Fire With all the Strength It Hath, and Lightning With Its Rapid Wrath

by JDylah_da_Kylah



Category: Undertale (Video Game)
Genre: F/M, Fear, Ficlet, Fluff and Hurt/Comfort, Illustrated, Making Love, Nightmares, Post-Traumatic Stress Disorder - PTSD, Post-Undertale Pacifist Route - "I want to stay with you.", Soul Bond, Thunder and Lightning, Tooth-Rotting Fluff
Language: English
Status: Completed
Published: 2017-03-16
Updated: 2017-03-16
Packaged: 2018-10-06 05:10:03
Rating: Teen And Up Audiences
Warnings: No Archive Warnings Apply
Chapters: 1
Words: 1,311
Publisher: archiveofourown.org
Story URL: https://archiveofourown.org/works/10326269
Author URL: https://archiveofourown.org/users/JDylah_da_Kylah/pseuds/JDylah_da_Kylah
Summary: Everyone's afraid of something, particularly Surface-side. Strangely, though, it isn't Frisk who's frightened by the storm, as children so often are, nor even Papyrus, who might revel in its raw, new wildness—But a certain Boss Monster who'd chide herself for such a fear, and a skeleton who can't yet admit to her that it's not the storm which frightens him.Or: "All these I place . . . between myself and the powers of darkness."





	

**Author's Note:**

> Some shameless standalone (OOC?) Soriel fluff because after writing [_Eternal Return_](http://archiveofourown.org/works/10195373) I just . . . I needed a break from Bad And Serious Things.
> 
> The title and accompanying text are taken from the Rune of St. Patrick, first introduced to me by Madeleine L'Engle's _A Swiftly Tilting Planet._ I reference her a lot in my Undertale fanfics—I'm not sure why—but there's something of the game, or at least how I conceptualize it, which reminds me of her works.
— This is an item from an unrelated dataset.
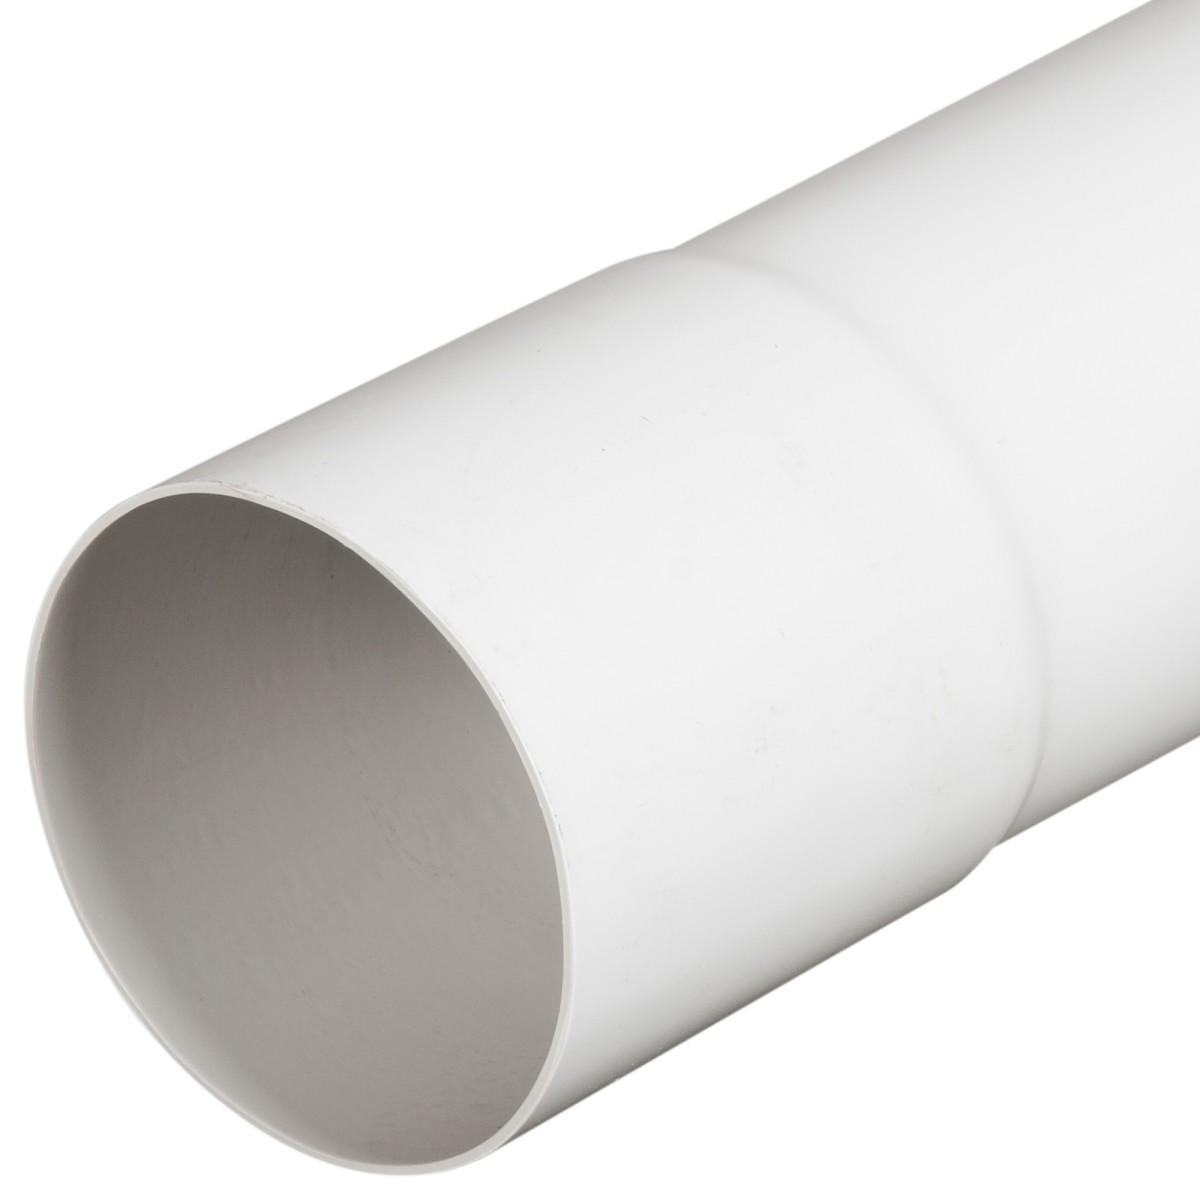 Труба водосточная с раструбом 80x4000 мм цвет белый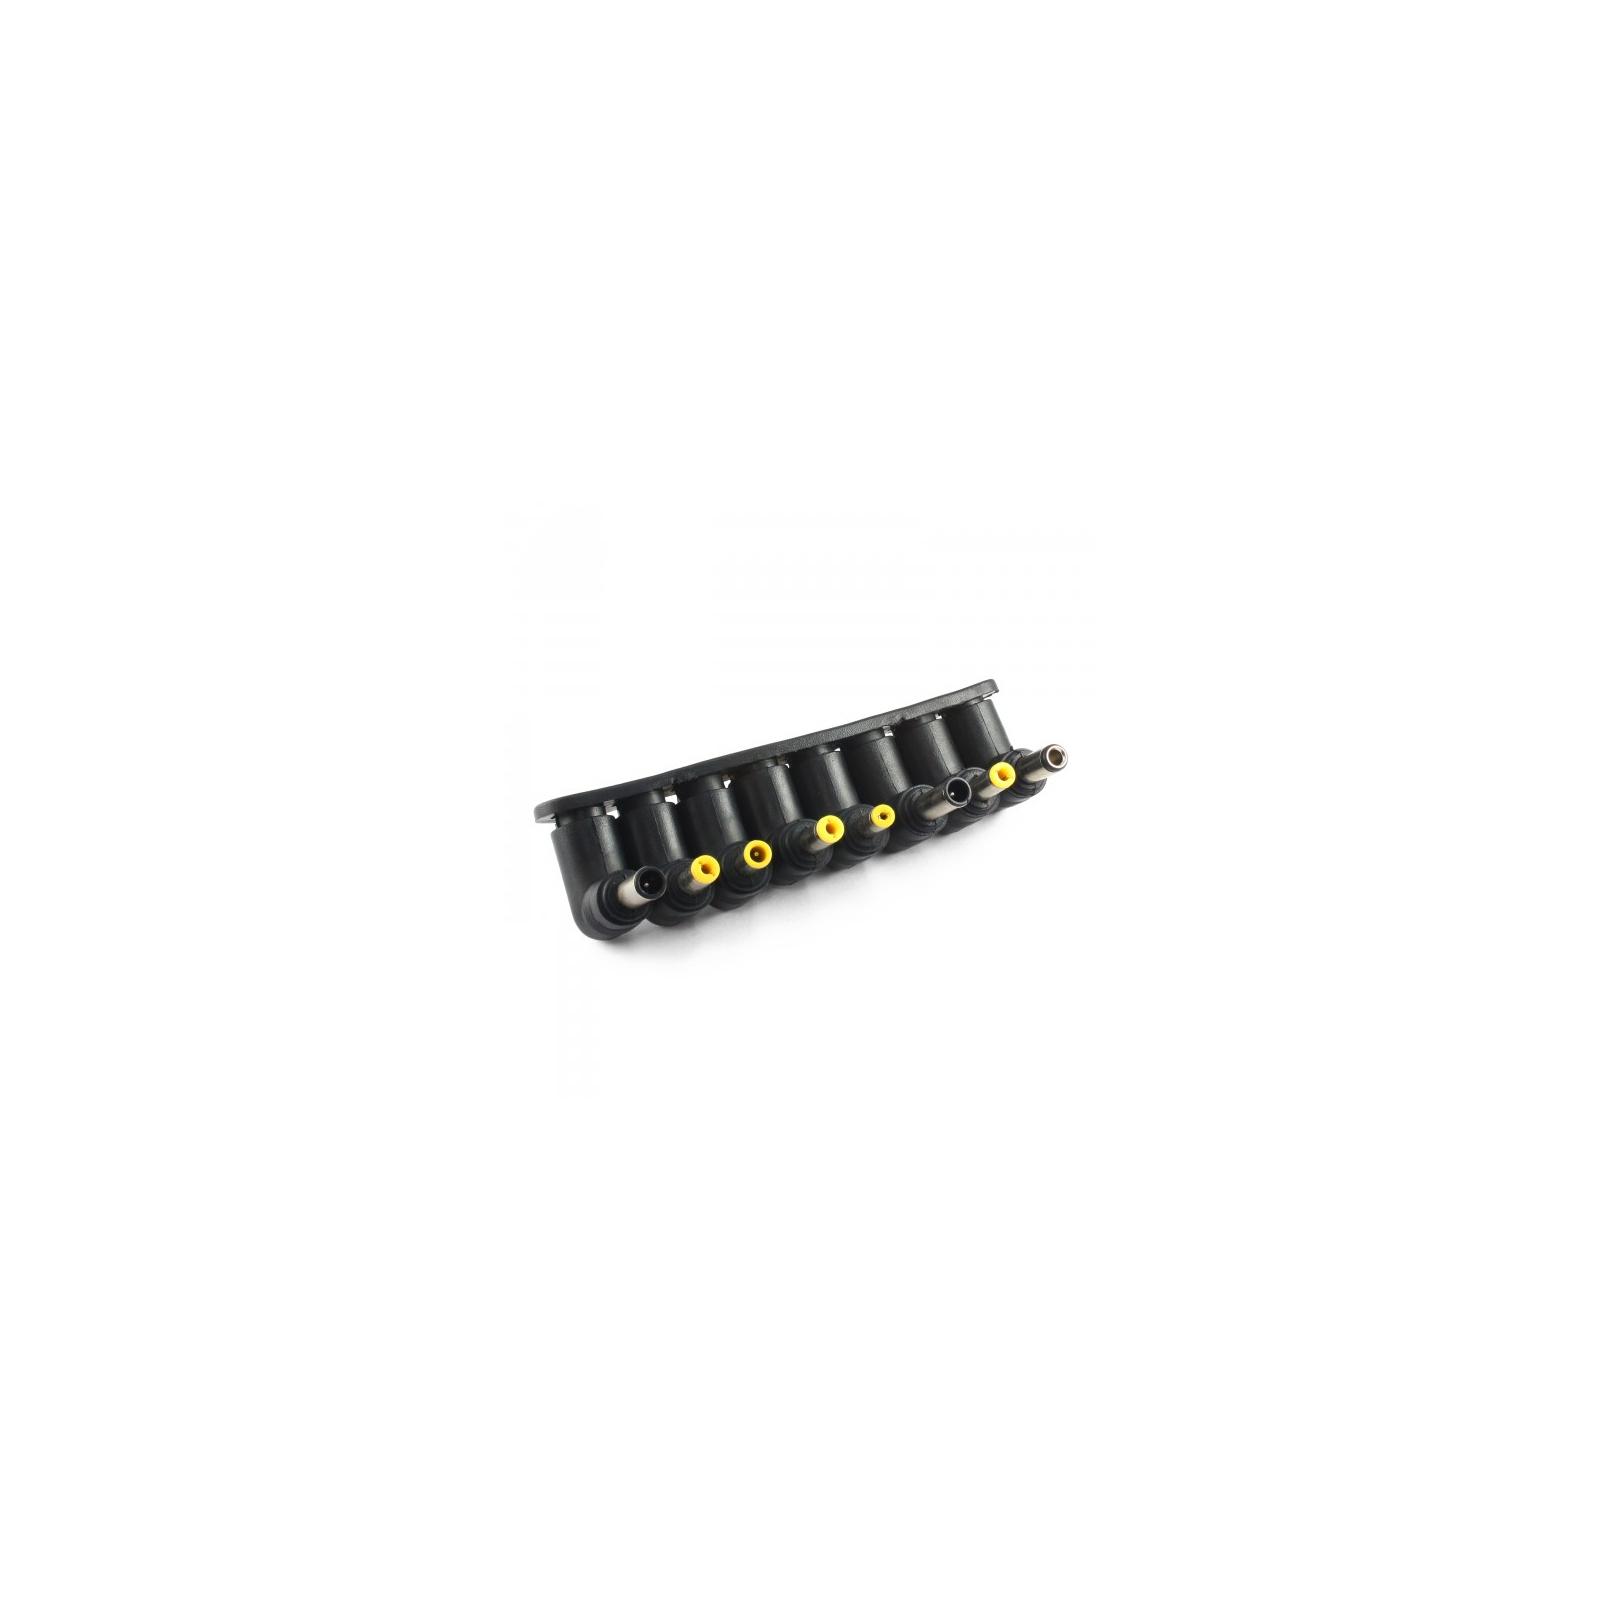 Блок питания к ноутбуку EXTRADIGITAL ED-90B сетевой + автомобильный + USB (ALU90B0003) изображение 2

Even though I'm not a Christian, and her books and poetry are rather universally and liberally so, there are some beautiful truths to them that I think transcend ideologies, theologies . . . All of which is to say I think they've influenced how I approach writing about Frisk, though especially Asriel and Chara.
> 
> And yes, I'm positive this time that this story doesn't fit in with the rest. ;)
> 
> Thoughts/reviews/comments'n'critiques are all welcome; I do hope you enjoy. <3

_The wind does not moan, the rain does not beat down; softly, then, waxes the night, the fecundity of the gibbous moon finally breaking through the darkness, gleaming there against her fur, her dark-vermilion eyes still alight with love, the pearly opalescence of him accentuated by the afterglow._

* * *

 

The sky flares bright, a burning light, a whiteness that sears against his eyesockets, delves into his skull, sends harried echoes through his SOUL because such blinding lights are far too reminiscent of—

_the kiddo's in the room next door. it's fine. it's fine._

Hollow litany _that_ is; Sans curls in upon himself, cyan sparking through his bones, the ache of unused magic adding misery to misery.

Beside him, then, his anchor shakes—

And that's far worse a thing than haunted memories—

* * *

"hey—tori?"

Only then does he realize how that great head of hers is buried in the pillows, how rigid she is, her paws clenched into fists such that he's glad, oh glad, that she keeps her claws filed. Again the sky flashes, a rapid-fire succession of blows against the darkness which blur one into another, dizzying and terrifying, evoking in him the same desperation as when—as when—just at the end—when he was so _tired_ —and it seemed there was no defeating them—when his attacks were all flung from him, a savage calculation, the last that he could grasp, praying for their death, for the fiend to quit, for the kid to RESET—

Reflexively he reaches for her—slipping his radius and ulna just there beneath her arm—

He feels her shudder when the house shakes, when that great resounding roar seems to volley down from nowhere. As she turns to him in the momentary respite between the next round of light and sound, her dark-vermilion eyes gleam wide.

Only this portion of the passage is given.